Hyper-V Resilient Change Tracking (RCT)

Microsoft Hyper-V implements equivalent functionality starting with Windows Server 2016:

  • Equivalent capability: tracks changed blocks for incremental backup of Hyper-V VHDX files.
  • Improvement over earlier: Hyper-V before 2016 required differential disks for incremental tracking, less efficient than RCT.
  • API integration: backup software queries RCT through Hyper-V WMI providers.
  • Cross-platform implication: Veeam, Veritas, and other backup vendors support both VMware CBT and Hyper-V RCT through unified VM backup engines.

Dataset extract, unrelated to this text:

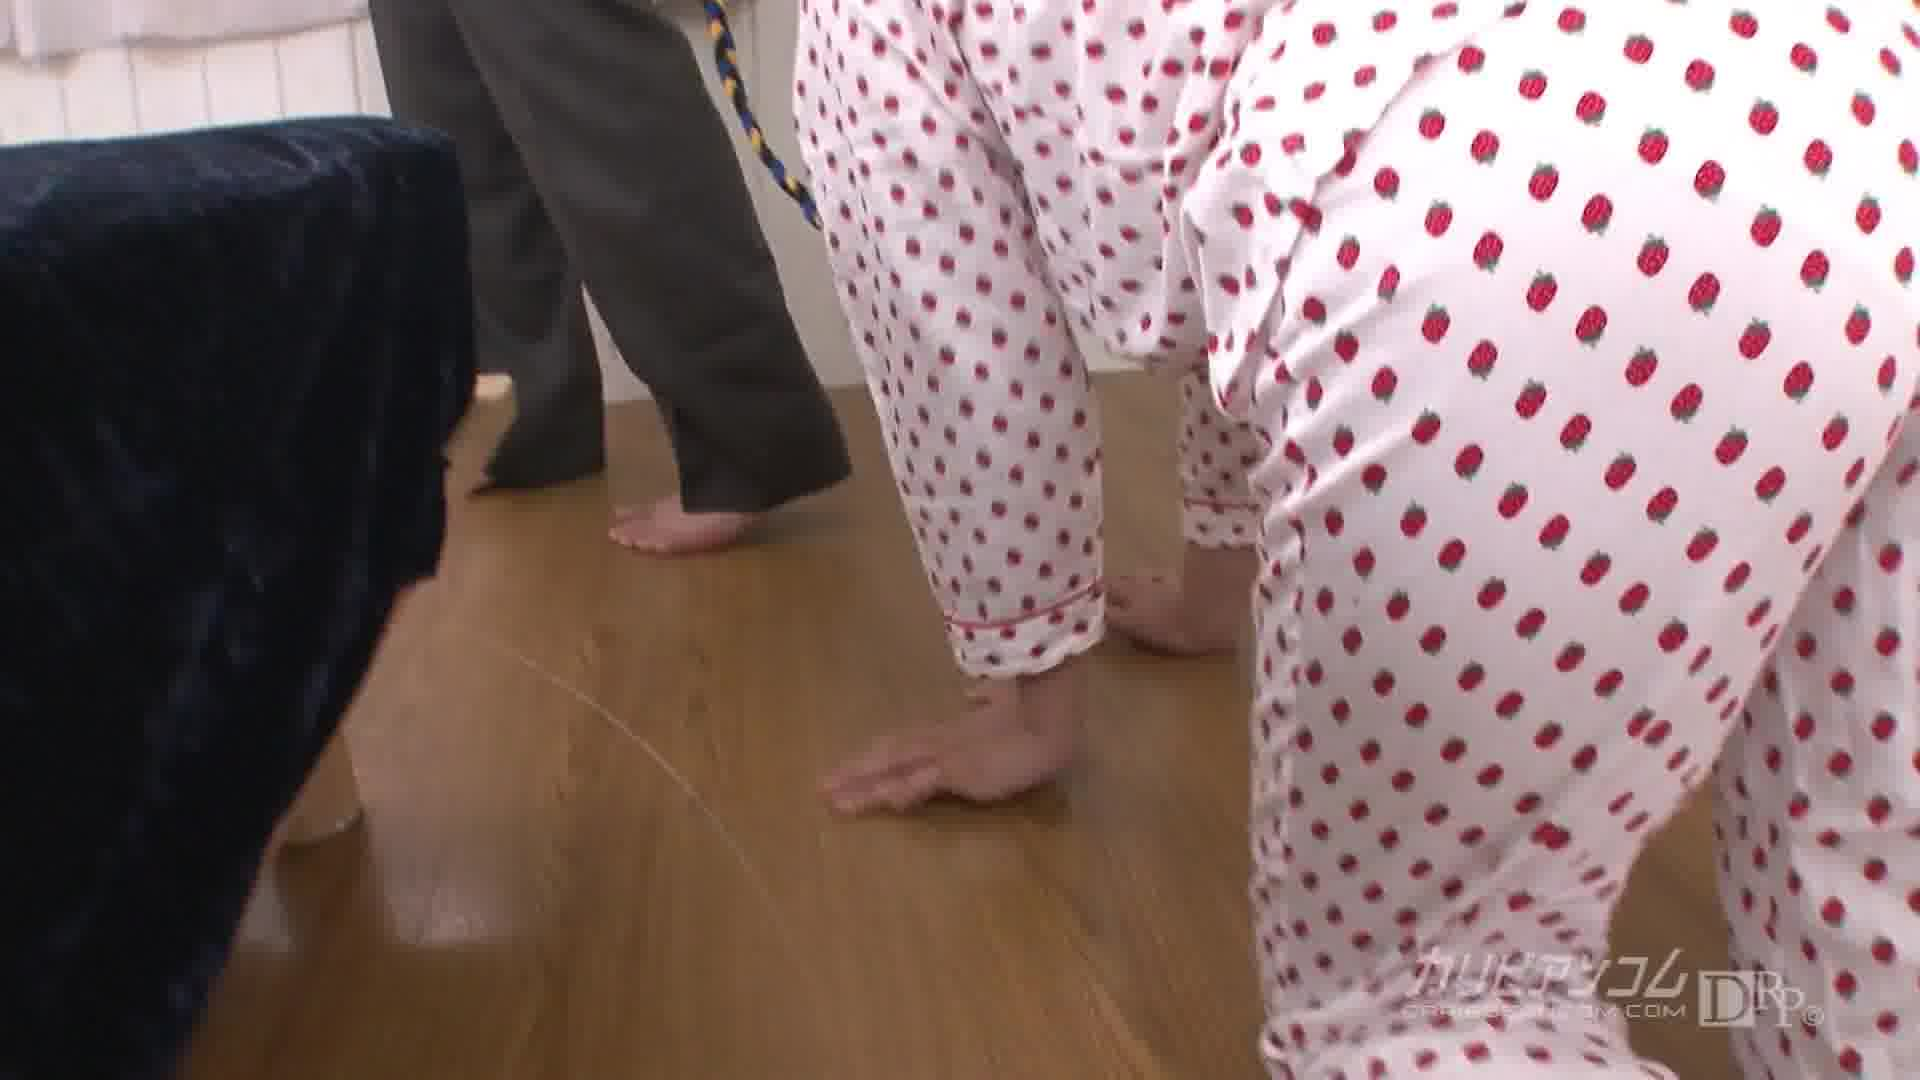 濡れる狂淫学園 特別性教育編 - 星野あいか【ギャル・コスプレ・パイパン】

Hash-based change detection

Modern backup tools use content hashing for change detection independent of file system metadata:

  • restic: chunks files and computes SHA-256 hashes per chunk; stores deduplicated chunks in repository.
  • BorgBackup: similar approach with content-defined chunking and HMAC-SHA-256 chunk identification.
  • rsync: rolling checksum comparison detects byte-level differences; transfers only changed portions.
  • duplicity: uses rsync algorithm but stores in tar volumes for compatibility.
  • Advantages over timestamp-based: detects actual content changes regardless of timestamp manipulation; deduplicates identical content across files; resilient to filesystem metadata corruption.
  • Trade-offs: hash computation requires reading entire file; slower than timestamp comparison for very large files.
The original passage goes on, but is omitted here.